Output must consist only of the lines of the material below from the one with "exam-eg.com_14428452406718.jpg" through the one with "Guess Rucksack Daypack", each reproduced exactly; no pictures belong in it.

===== INFORMATION PROVIDED

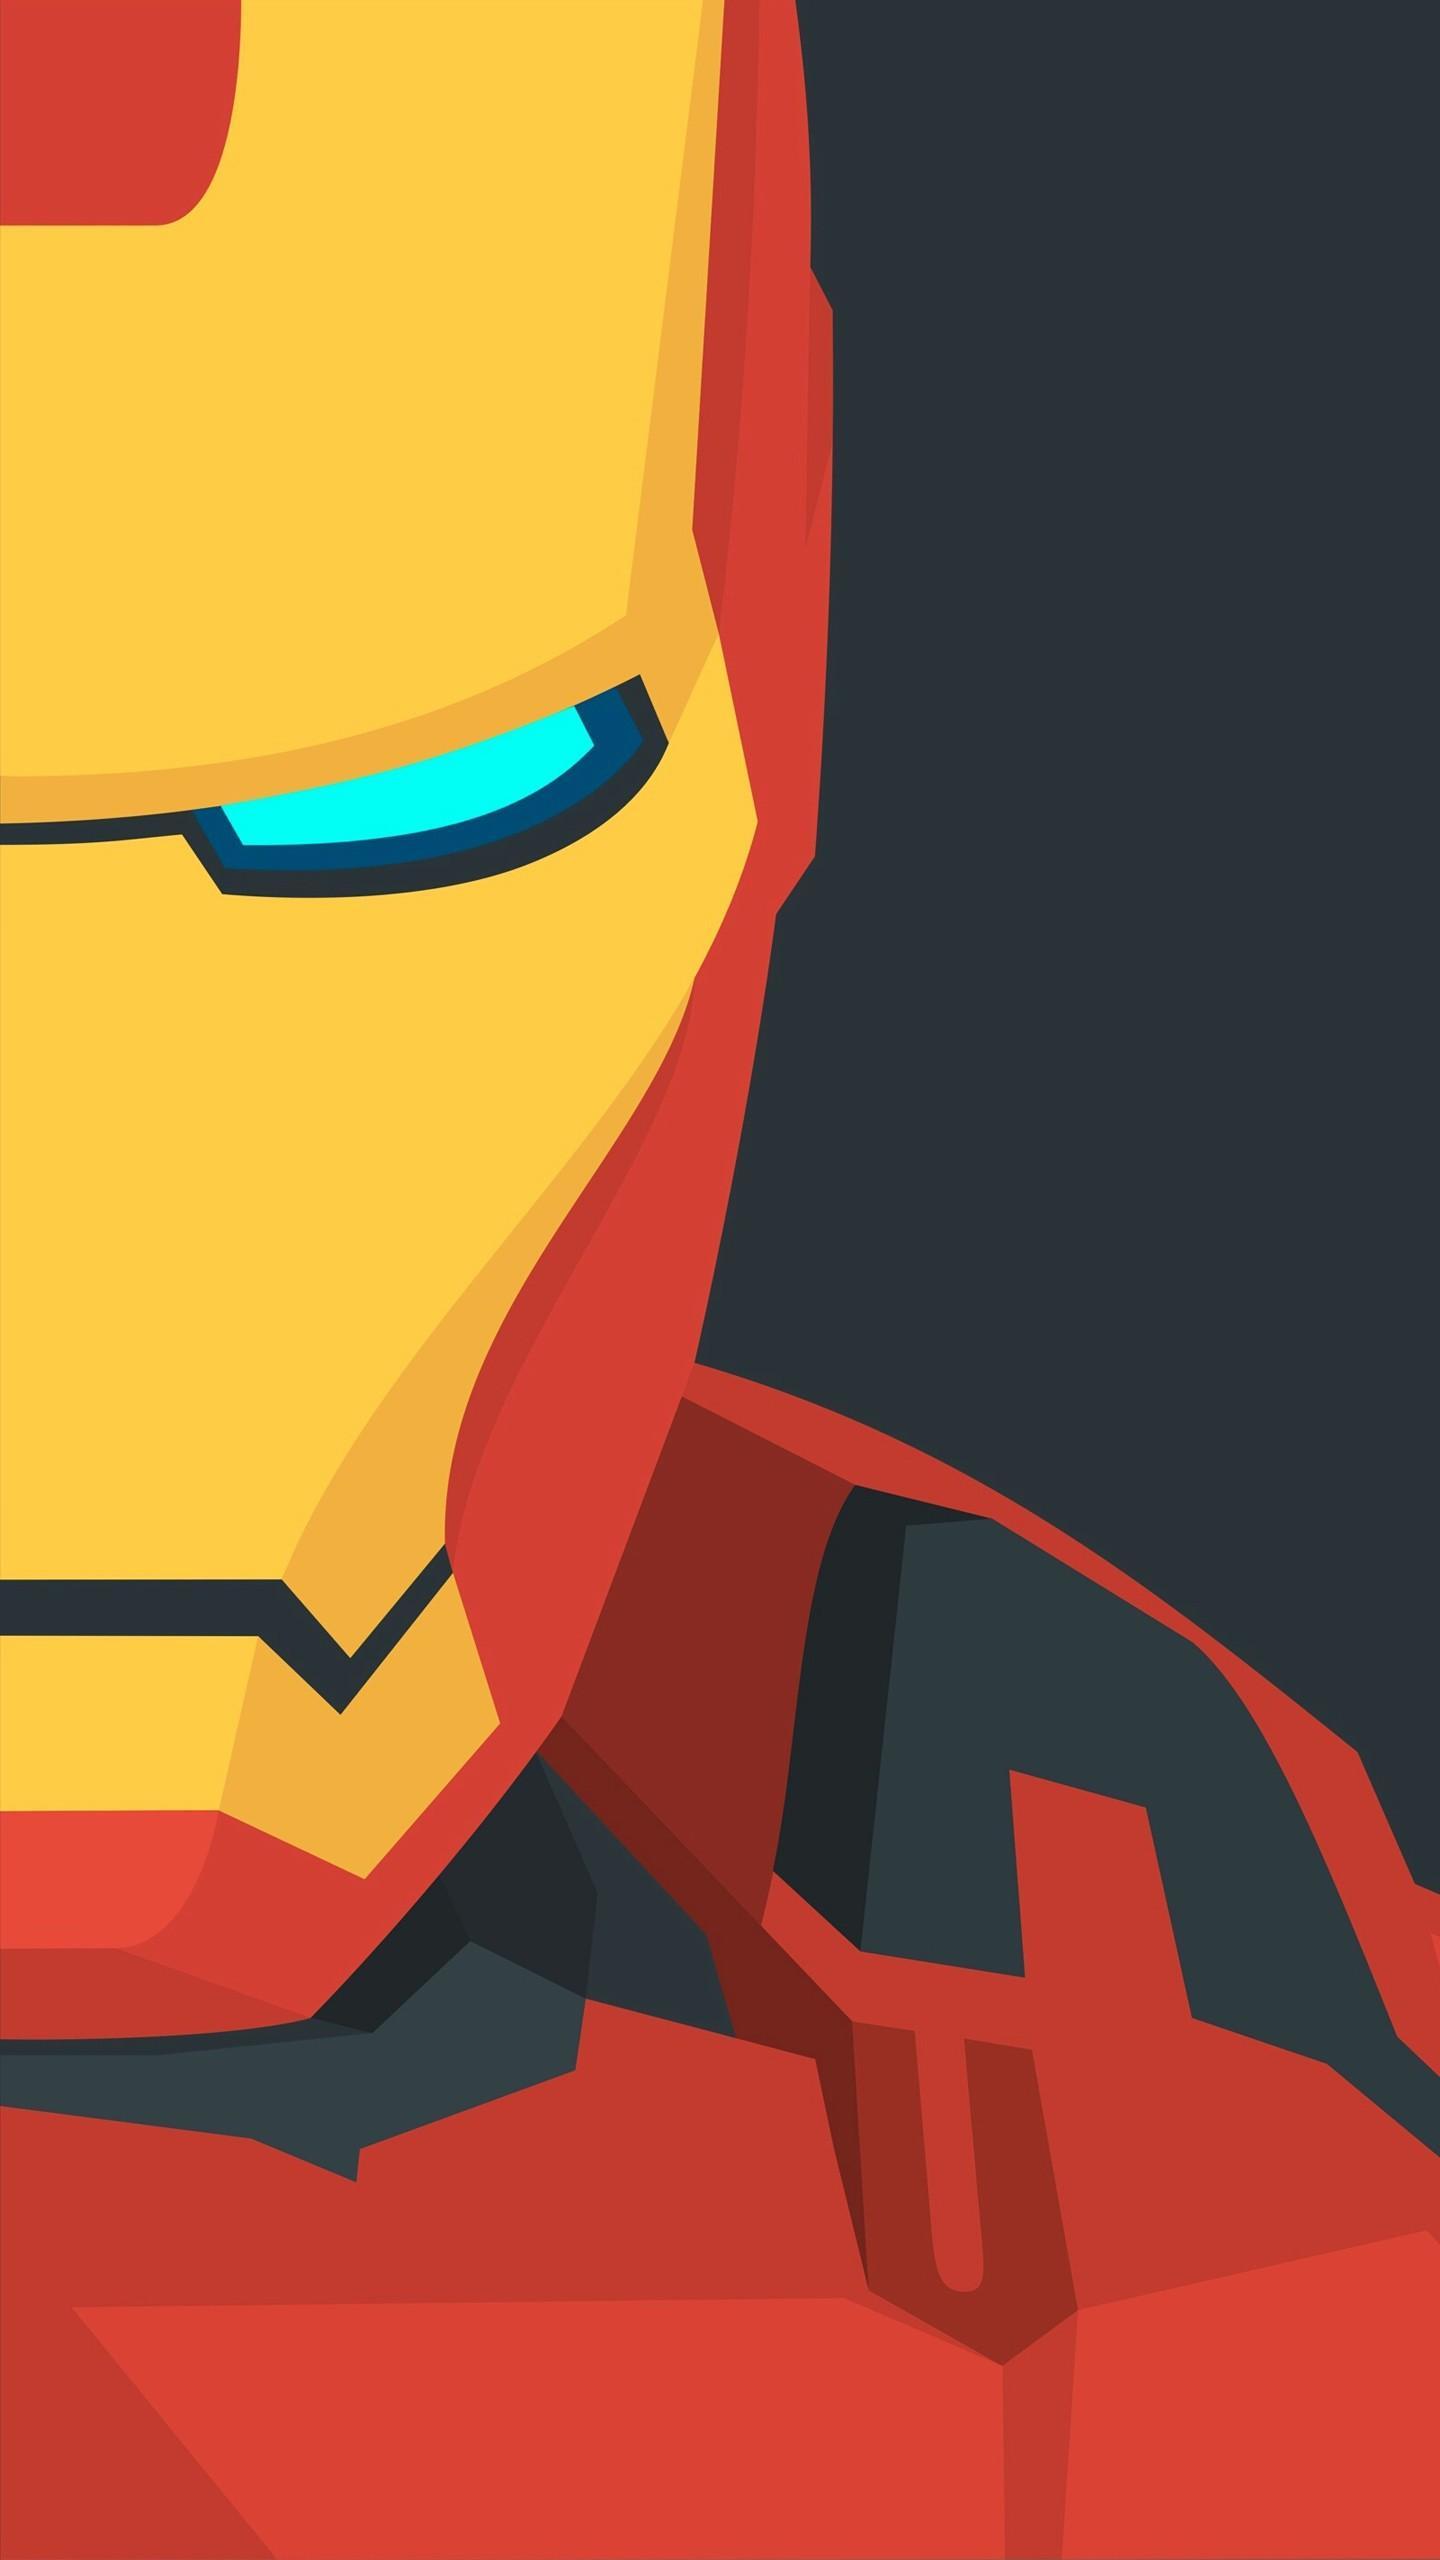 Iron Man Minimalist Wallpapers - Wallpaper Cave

==========
===== INFORMATION PROVIDED

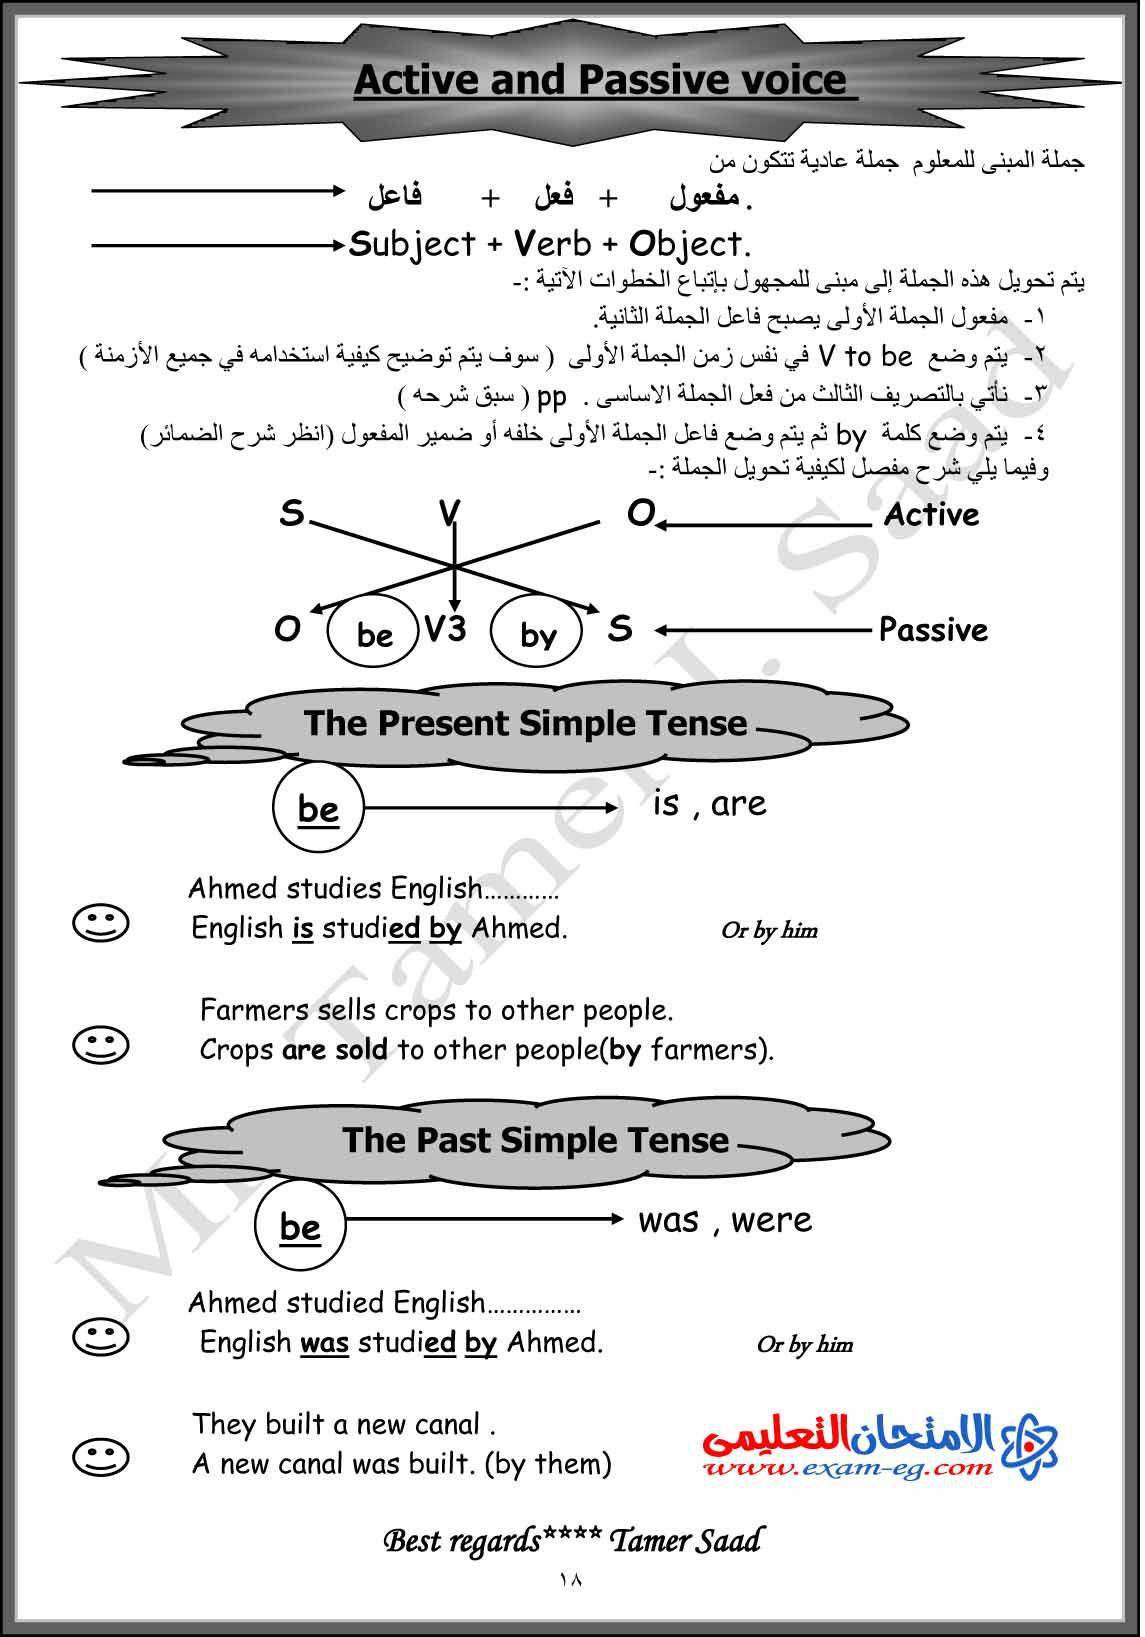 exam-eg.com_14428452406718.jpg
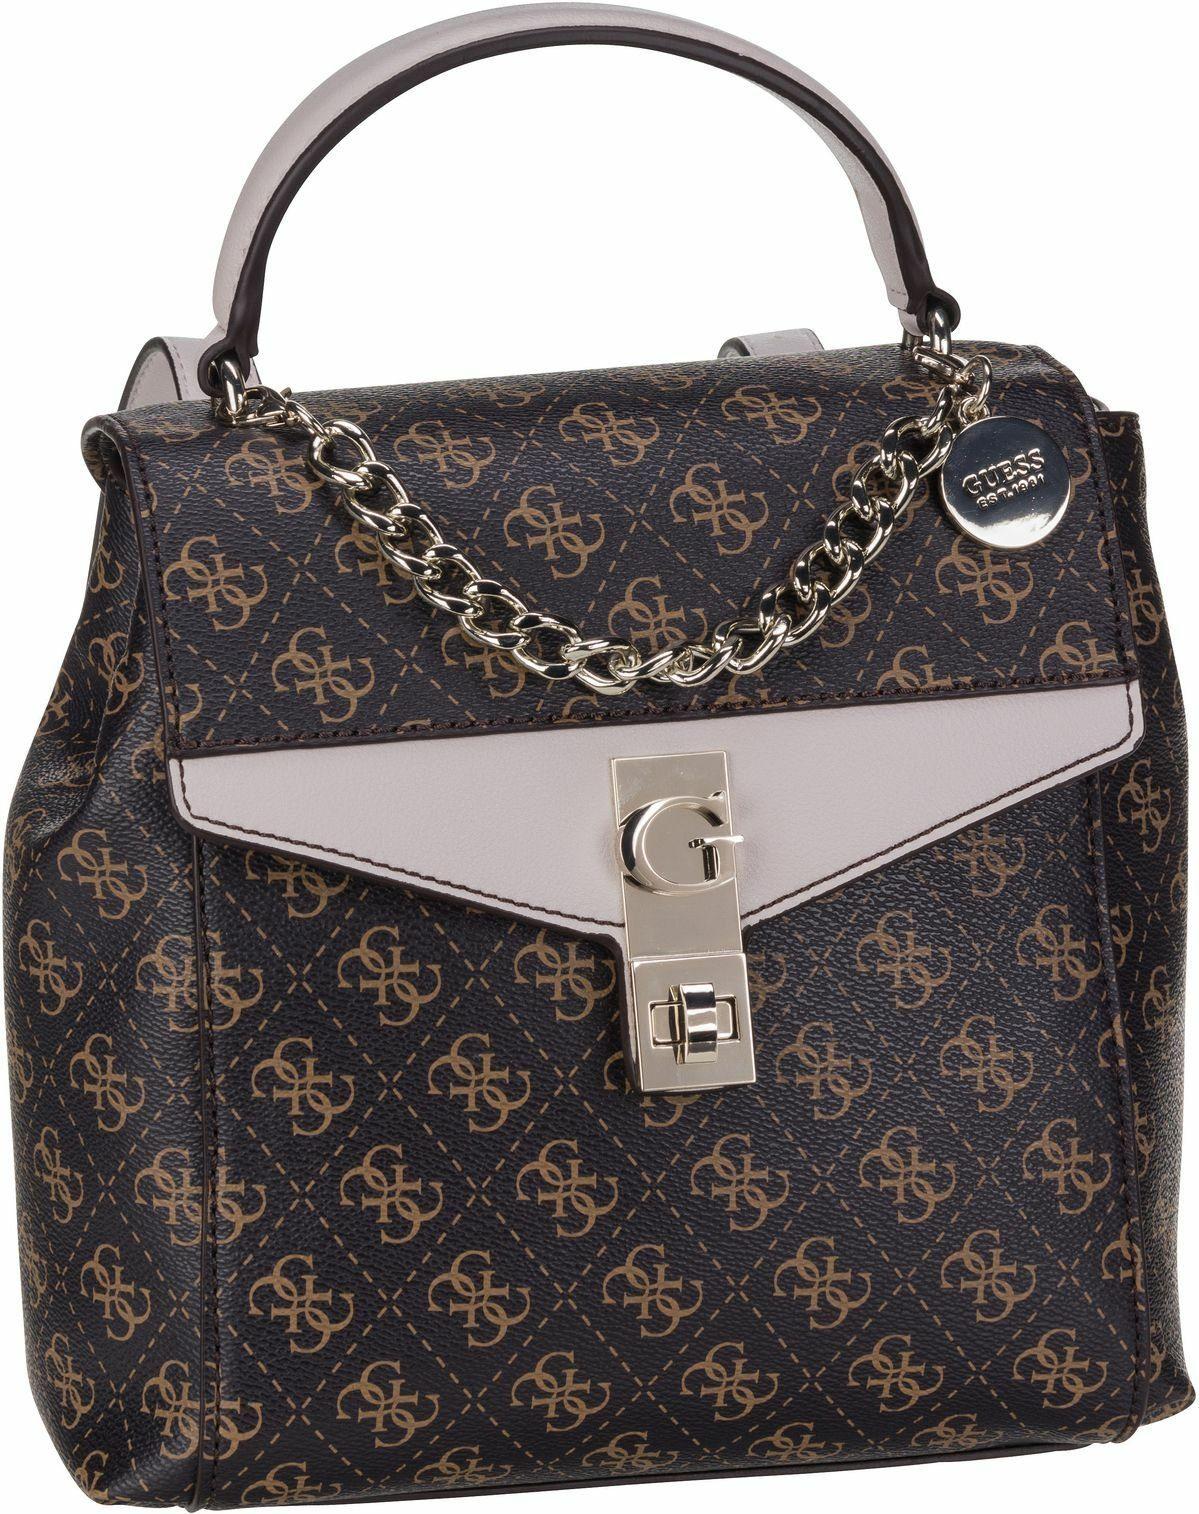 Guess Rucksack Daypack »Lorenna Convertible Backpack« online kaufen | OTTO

==========
===== INFORMATION PROVIDED

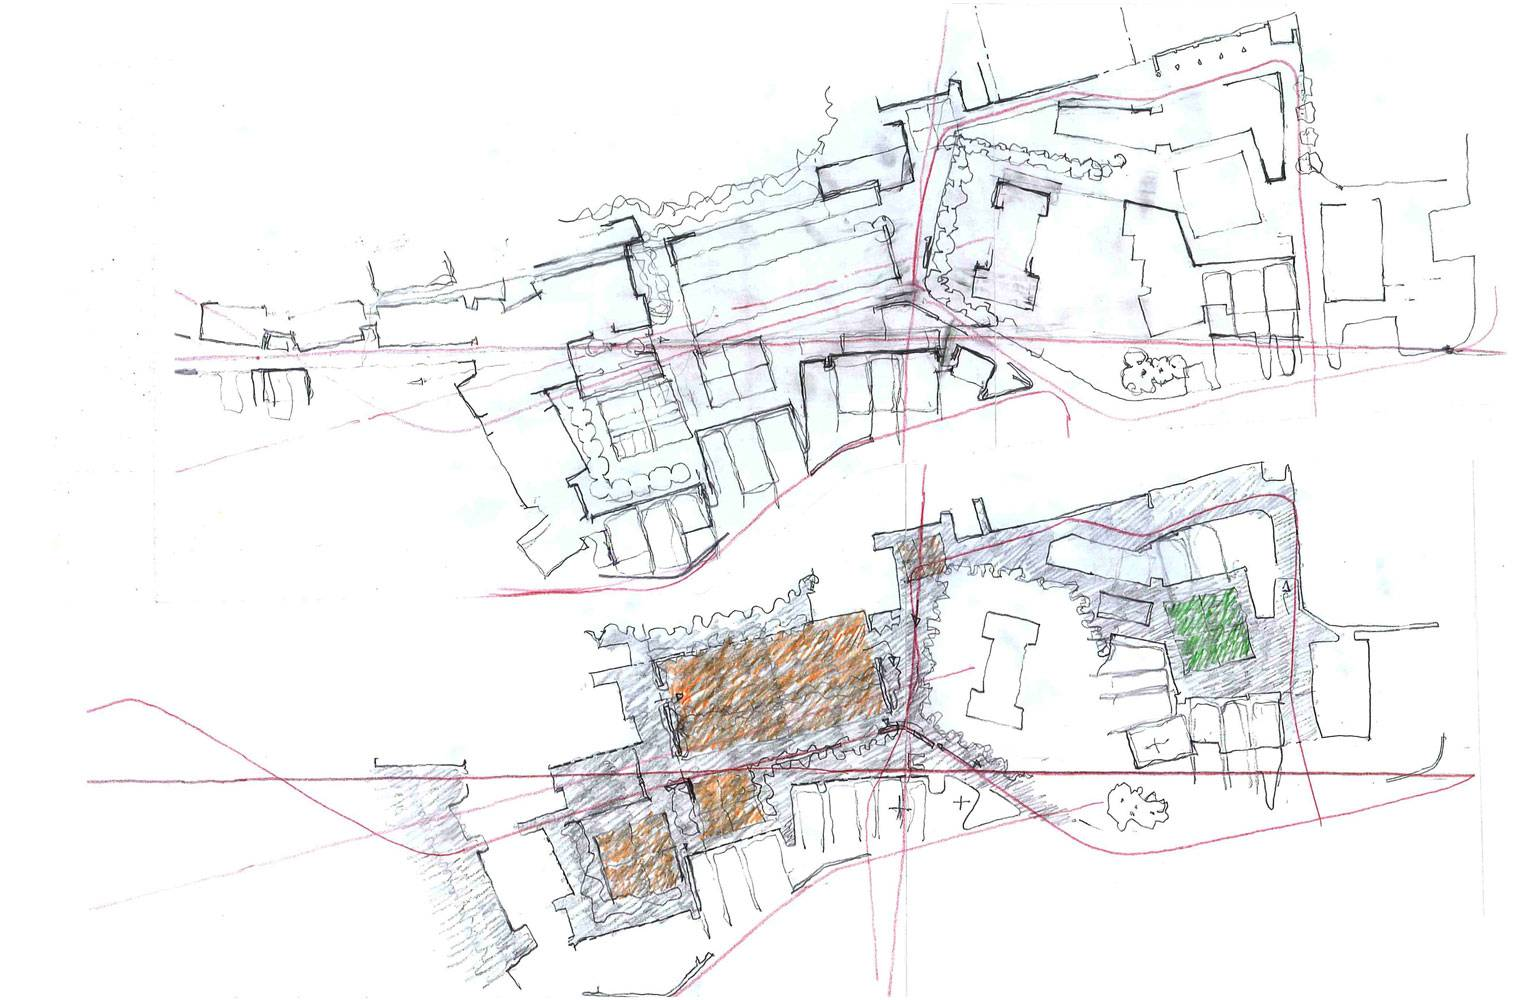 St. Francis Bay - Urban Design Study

==========

WRITTEN RESPONSE =>
 exam-eg.com_14428452406718.jpg
 Guess Rucksack Daypack »Lorenna Convertible Backpack« online kaufen | OTTO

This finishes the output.